Evoland shows how action-adventure games have matured, without the boring history lesson
When I spotted Evolandincluding the studio based in Bordeaux, France Shiro Games is billed as “a short history of the evolution of adventure video games”, two thoughts crossed my mind. First, it looked like an equally clever but more gorgeous version of Silicon Studio’s 3D Dot Game Heroes, a pixel throwback to the 8-bit era with modern sensibilities. Then I wondered how the developer planned to wrap up the whole story of a genre in one title.
It wasn’t until I spoke to Sebastien Vidal, CEO of Shiro and former COO of NCsoft Europe, that I began to understand what “evolution” really entailed.

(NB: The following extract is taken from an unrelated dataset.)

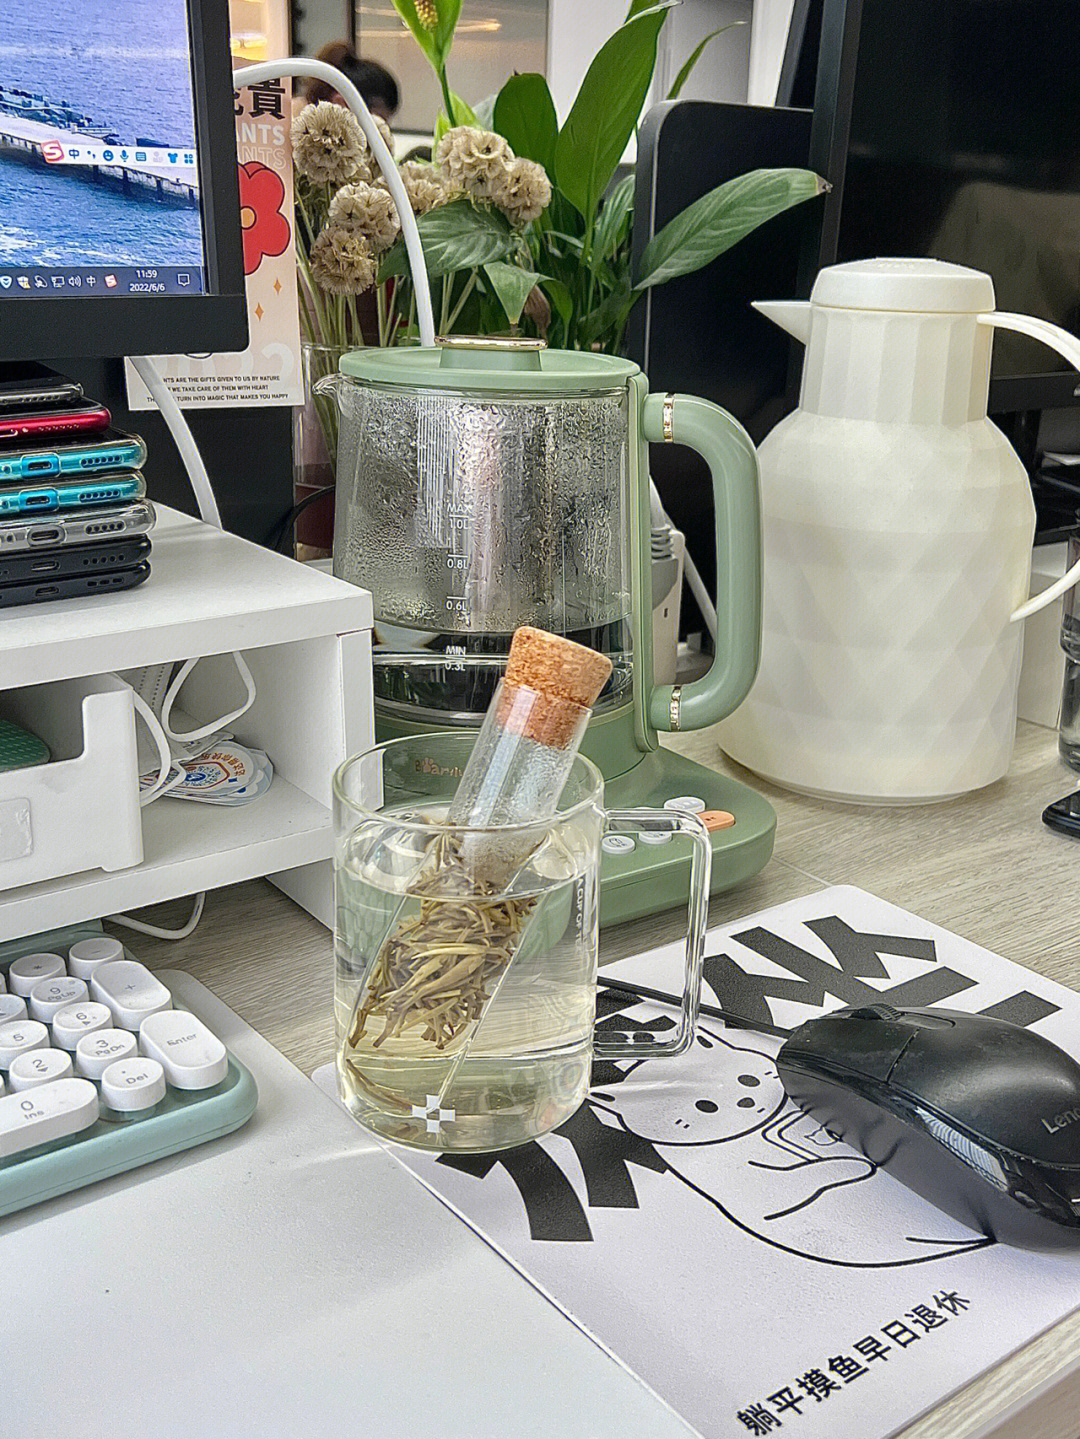 奶茶放在办公桌的照片图片

Evoland itself is not new. Nicolas Cannasse, founder of the game company Flash Motion Twin, made Evoland Classic in about 30 hours for the Ludum Dare #24 Online Game Jam event, where people from all over the world donate a weekend to create a game. Cannasse participated in the challenge window which ran from August 24-27, 2012. is imposed with highest overall score. The theme this weekend? Evolution.
Evoland Classic attracted more than 300,000 players in a few months. Now, with such interest in the game, Shiro has decided to create a full retail version of Evoland, which will be released first for PC and Mac in early March (and later iOS and possibly Android) for less than $10.
“Most of the feedback we’ve had [with Evoland Classic] is that people loved the concept rather than a specific part of the game, which makes a lot of people hooked on the idea when they first hear about it,” Vidal told GamesBeat. “This is not a game we’re expecting comments on graphics or music or an event in the storyline – although [we] had a lot about the music. (Audio was the category in which Evoland Classic scored lowest.)
In fact, the new Evoland doesn’t even have a story in the traditional sense. It’s not a narrative per se but rather a “story” of how action-adventure games have changed over the years.
“As in the Classic version, everything in Evoland is based on unlocking chests that grant access to new features, usually related to gameplay or technology,” Vidal said. “Players move back and forth between different styles of play, but the technology used to create the environment [will] always go forward. »
These unlocks include features such as a sword or the ability to save your progress – moments or mechanics that entered the genre as it progressed – as well as technological aspects such as upgrades higher quality graphics and music.
“The whole point of the game is to progress through those unlocks to unfold the story of the action-adventure game,” Vidal said.
He also showed us three screenshots (two included here), where the player unlocks (don’t think of “unlocks” as in extra content; rather, these are essential parts of the game that drive their progress) Screen 16 colors, music, and the ability to enter homes (and “invade people’s privacy freely”, the game jokes).
I now half-expect rummaging through other people’s drawers and smashing their pots – two things Link from The Legend of Zelda is good at – which wouldn’t be too far off base. Vidal mentioned that Zelda, Dragon Quest, and Final Fantasy were all big influences.
“Evoland Classic was clearly inspired by the Zelda series,” Vidal said, “but we wanted to go beyond that and pay homage to the action-adventure genre as a whole rather than specific titles while keeping the humor parody of the original. Game.”
These “ironical comments” and references to gaming culture also include the names of people, places, and different secrets you can find.
Shiro goes further in the technical and gameplay evolution of the genre than Evoland Classic by including different combat types (like turn-based Active Time Battle and hack-n-slash), allowing players to switch between combat styles. game, and change the perspective from 2D to 3D (both pre-rendered and real-time). Vidal said things that block your path in 2D can appear flat in 3D.
“Unlike many games, the content in Evoland is there to serve the gameplay and not the other way around,” he said. “The game reverses roles, and you end up living a story against the backdrop of gameplay rather than playing a game along a script.”
It’s a “game about games”, as he calls it.
“In terms of depth, we actually discussed making a game about the whole history of gaming, starting with Pong all the way to full 3D action games,” he said. “But the editorial work just to choose what best represents each style and era would have been enormous – and the development time even longer – so we went back to the roots and ‘only’ expanded on the action-adventure styles. That alone could, in theory, span many RPG genres, and we’ve narrowed it down to a few cult series that worked with each other and had overlap in their audiences.
“We first thought [Evoland Classic] would mostly appeal to veterans of the genre, but it turns out a lot of people who tried the game and never played an RPG really enjoyed it,” he said. “For them, the experience of seeing a game evolve around them as they played completely overshadowed the fact that it was an action-adventure game. It could have been anything It was evolution that made them fun.
Evoland, well, evolution is what ultimately makes it different from countless other nostalgic retro throwbacks on the market.
“I guess Evoland only starts out as a retro game and ends up as a pretty modern game,” Vidal said. “We’re not trying to make a game like those of the past – in terms of graphics and/or gameplay – but rather to tell the story of those games.”